The Arabs' record of honouring cease-fires is extremely poor (to say the least) - these in Iraq can't be expected to endure for long. Once they inevitably break down in madness and mayhem, then the Coalition will be confronting the identical, grim task that it faced a week back, pacifying Iraq (and beyond) properly.
The difference'll be that now the terrorists and their accomplices will be greatly emboldened, conceiving that - via the craven international reaction to their insurrections - they've managed to politically and "morally" constrain Allied military options, tying one arm behind America's back (like they've already done with the Israelis).
When the Marines have to go back into Faluja and other centres, they'll find that they've been rigged like the Palestinians "fixed" Jenin: booby-traps, pitfalls, blind alleys, mines, decoys, enfilades of fire, trip-wires, sniper-posts, etc, with terrorists - based in schools, hospitals and mosques - standardly using civilians as human shields.
The message must go out that Washington totally refuses to play this sucker's game.
That's right: it's time for the cleansing, white-heat of thermonukes (with the first likely falling on Faluja) - to set a prime example to the other Islamo-fascists and their sympathizers everywhere....
In this war, there's simply no substitute for our victory.

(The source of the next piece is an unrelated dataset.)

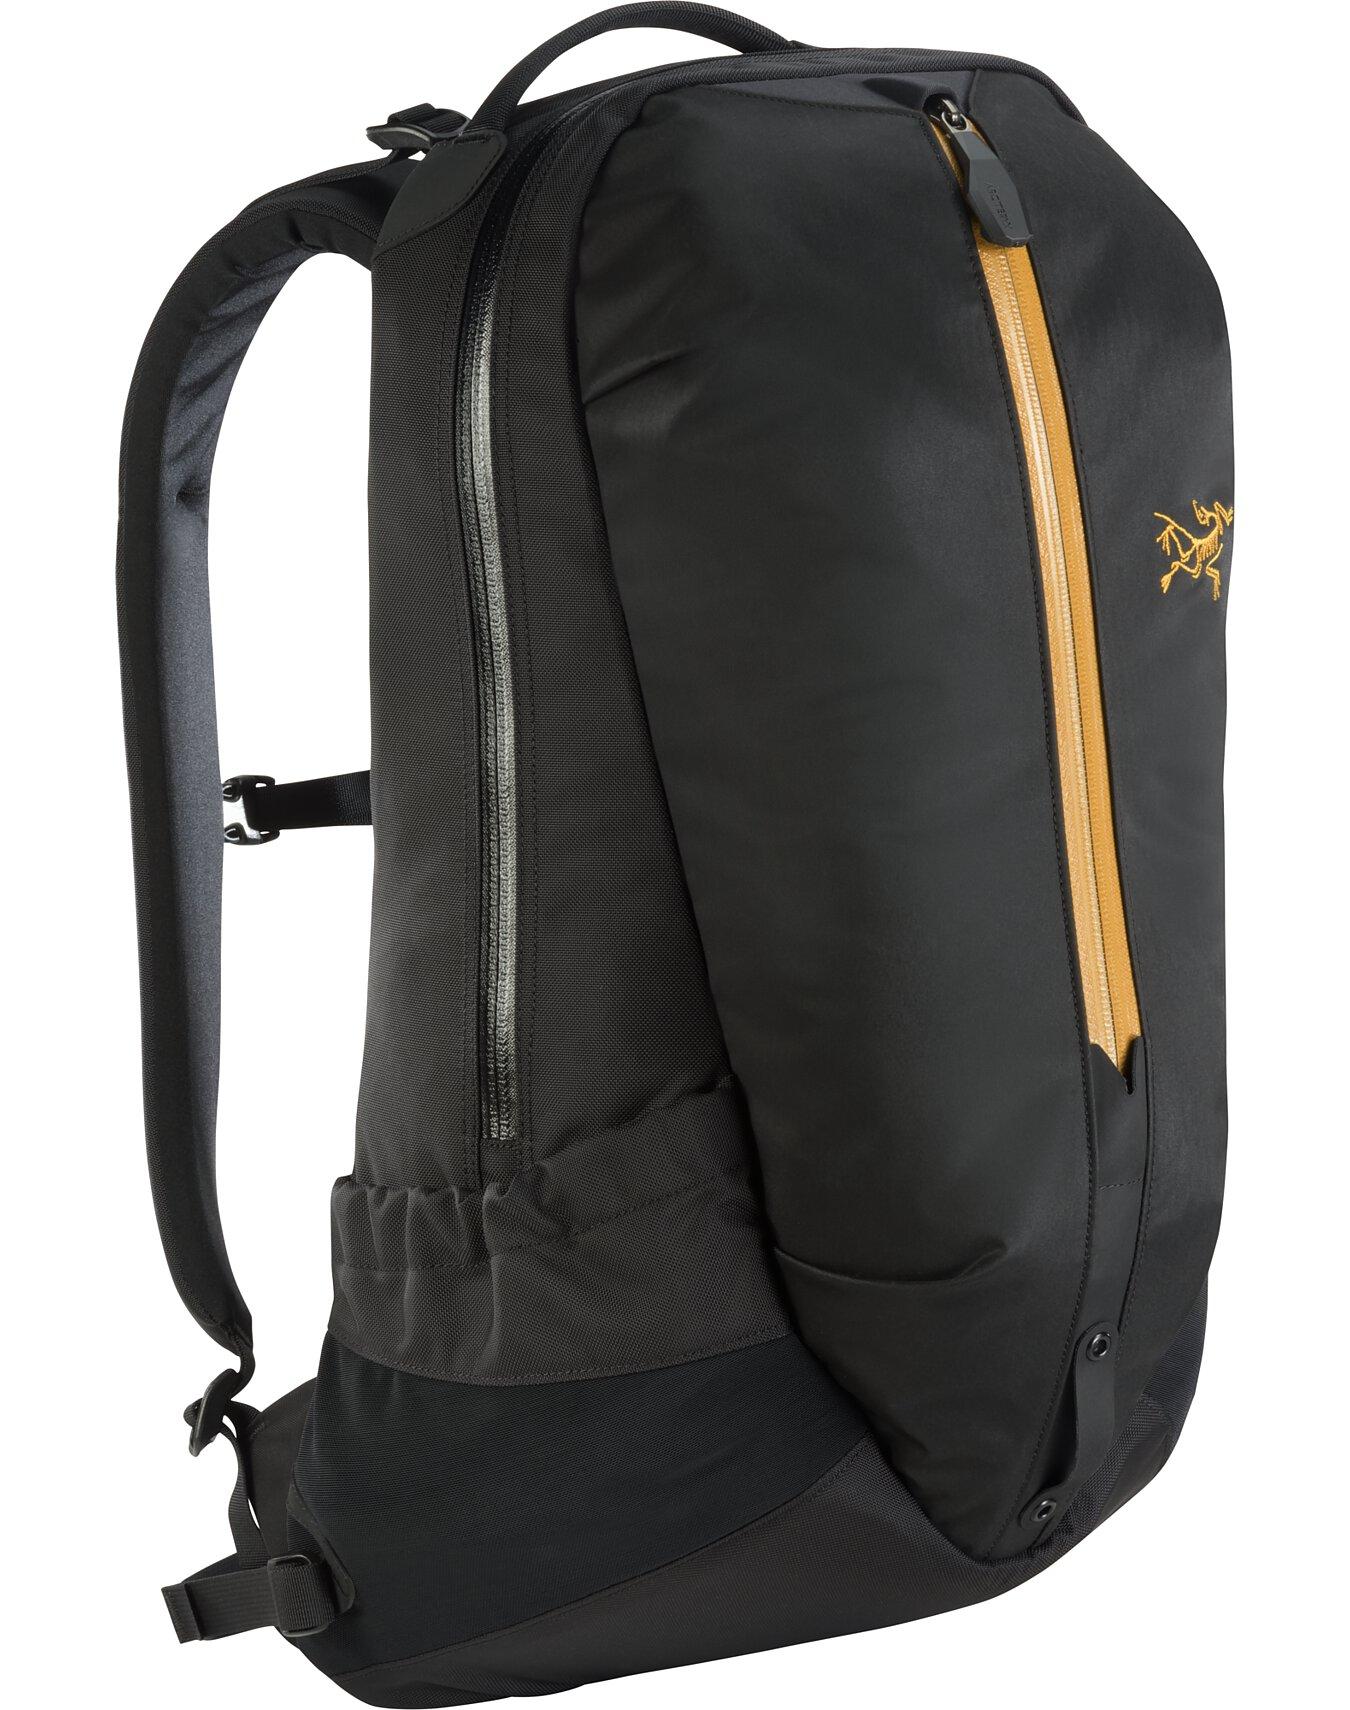 Arro 22 Backpack   Arc'teryx

Well, I don't want to crow, but a minute ago I heard BBC reports of a large number of Arab newspapers, all uniformly boasting that the "heroes" of Faluja have driven the Americans back to the lines from which they opened their attack on the town - described as a "a great victory" for the "brave Iraqi fighters".
Of course, in the real world, the USMC had withdrawn to its old positions outside the city due to such a pull-back being a condition of the truce which the Pentagon has been railroaded into seeking by several pusillanimous & opportunistic members of the Iraqi Governing Council.
Reality, though, has negligible impact on the Arab or Moslem mindset: for them Faluja's a triumph and proof of Allied weakness - which they now itch to exploit to their further advantage.